**PROVIDED INFORMATION:**
+ + + + +
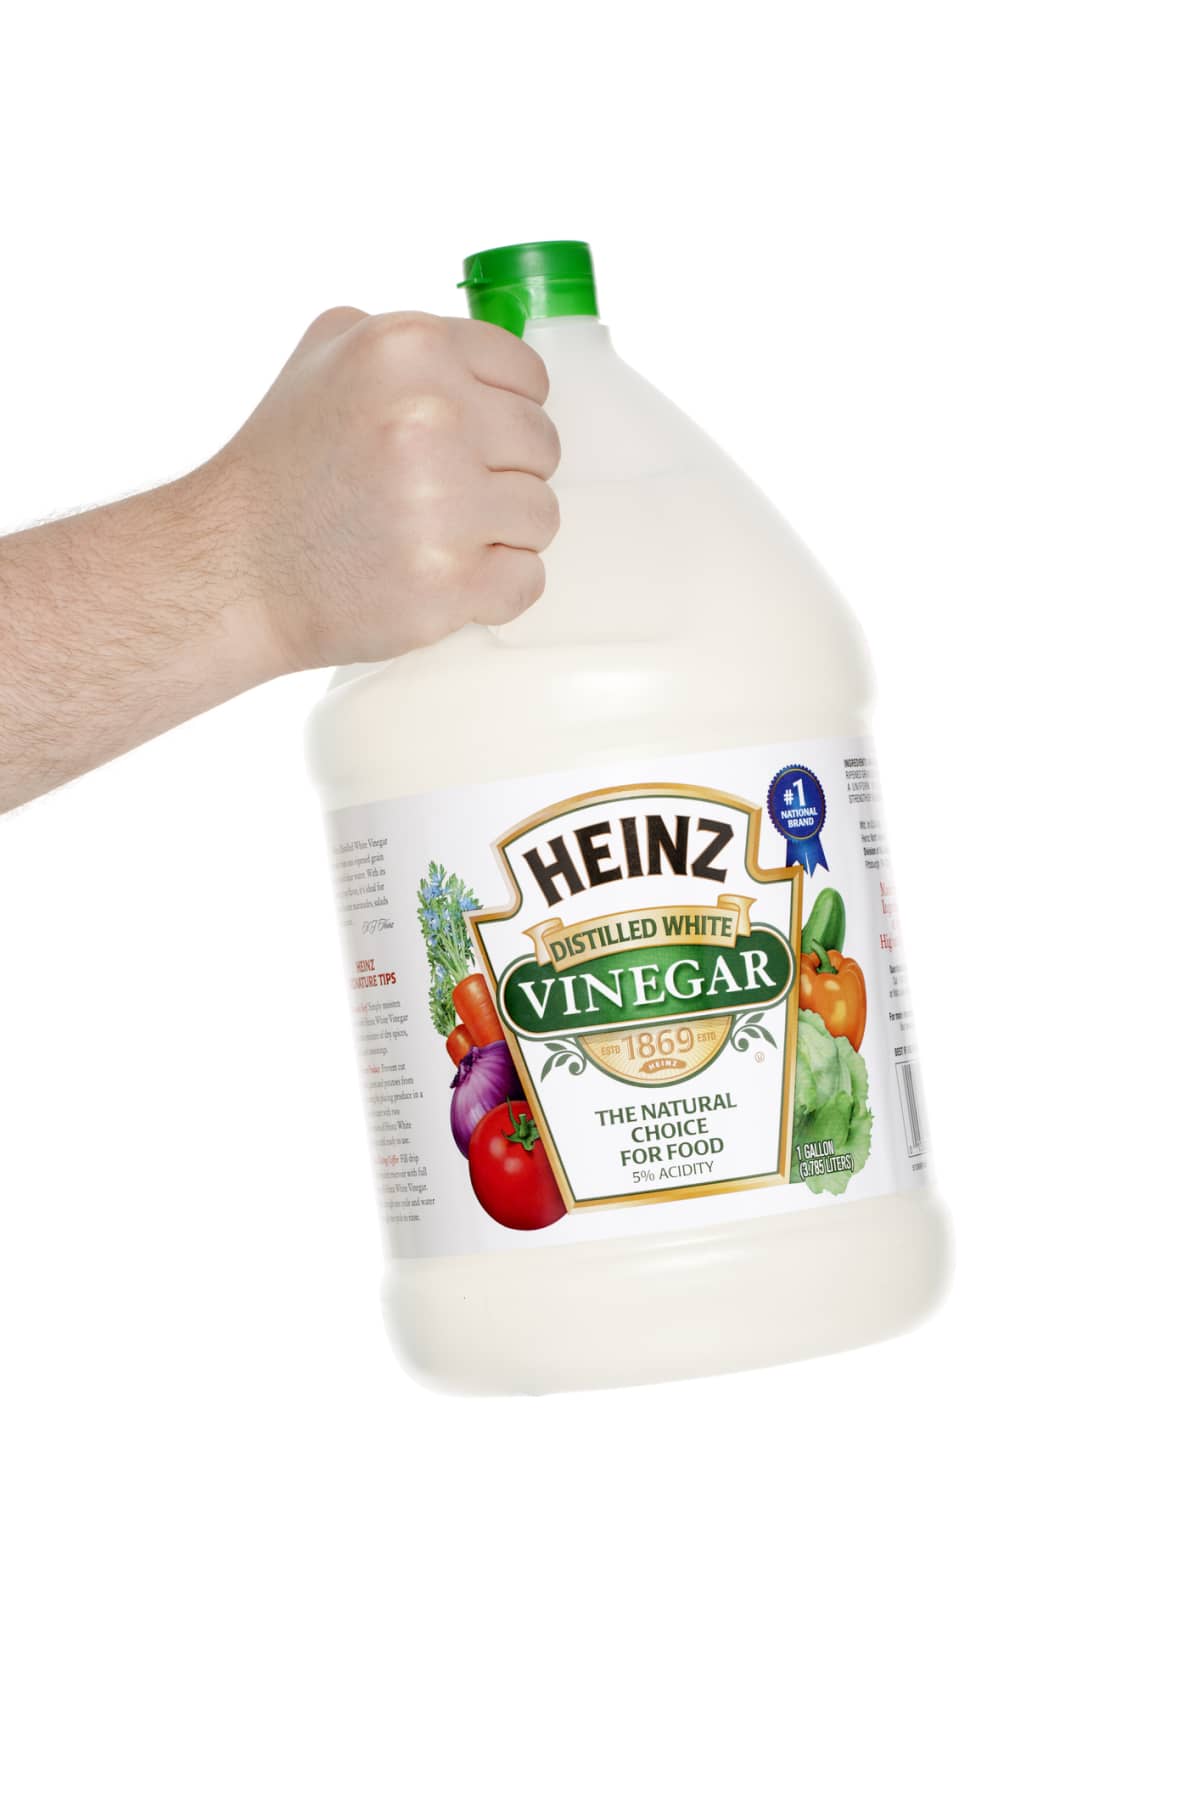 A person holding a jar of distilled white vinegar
+ + + + +
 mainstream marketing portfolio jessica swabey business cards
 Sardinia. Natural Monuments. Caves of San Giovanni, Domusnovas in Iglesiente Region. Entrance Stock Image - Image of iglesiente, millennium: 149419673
+ + + + +
**EXERCISE:**
Given the records above, restate word for word only the lines starting at the one with "mainstream marketing portfolio" and ending at the one with "Sardinia. Natural Monuments.".

**TASK RESULT:**
 mainstream marketing portfolio jessica swabey business cards
 Sardinia. Natural Monuments. Caves of San Giovanni, Domusnovas in Iglesiente Region. Entrance Stock Image - Image of iglesiente, millennium: 149419673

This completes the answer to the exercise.